L’e-réputation est un sujet crucial pour la performance des professions libérales, des organisations et des entreprises auprès de leurs cibles. Le rapport (Global RepTrack 2013 (Reputation Institute). Résultat :
– une entreprise qui améliore de 5 points sa réputation voit augmenter de 7 % la prescription de ses consommateurs ;
– pour les entreprises jouissant d’une forte réputation, 55 % des consommateurs déclarent qu’ils sont absolument prêts à acheter leur produit et quasiment autant (50 %) à recommander ce dernier à leur entourage.
– pour les entreprises ayant une faible réputation, les chiffres chutent respectivement à 31 % et 28 %.
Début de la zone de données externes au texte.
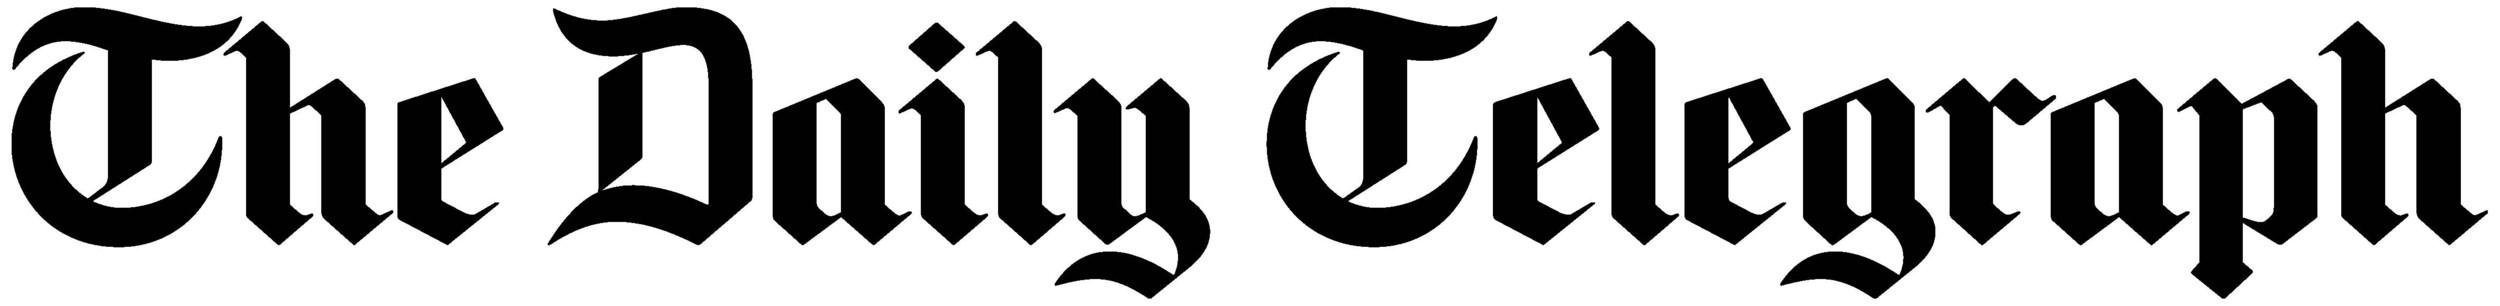 The-Daily-Telegraph-Logo.jpg

Par ailleurs : parvenir à réduire de 2 % un bouche-à-oreille négatif engendrait une croissance de 1 % des ventes (Etude de la London School of Economics).
Un client promoteur rapporte 32 dollars tandis qu’un client détracteur coûte 57 dollars (Dell).
Ce n’est d’ailleurs Mike Jeffries qui pourra prétendre le contraire. En mai 2013, le site Business Insider a exhumé les propos du PDG de la marque textile Abercrombie & Fitch, qu’il avait tenus lors d’une interview donnée en 2006. Il expliquait qu’il privilégiait les personnes à l’apparence physique séduisante tant dans ses publicités que parmi les vendeurs de ses magasins pour attirer une clientèle du même genre. Une vidéo virulente a alors notamment rassemblé 7 millions de personnes en quelques jours pour dénoncer les propos inadmissibles du dirigeant sans parler d’autres actions coup de poing venues également du Web. Résultat : des ventes en recul, un cours de bourse en berne et des enquêtes administratives sur le dos dans plusieurs pays pour pratiques discriminatoires à l’embauche !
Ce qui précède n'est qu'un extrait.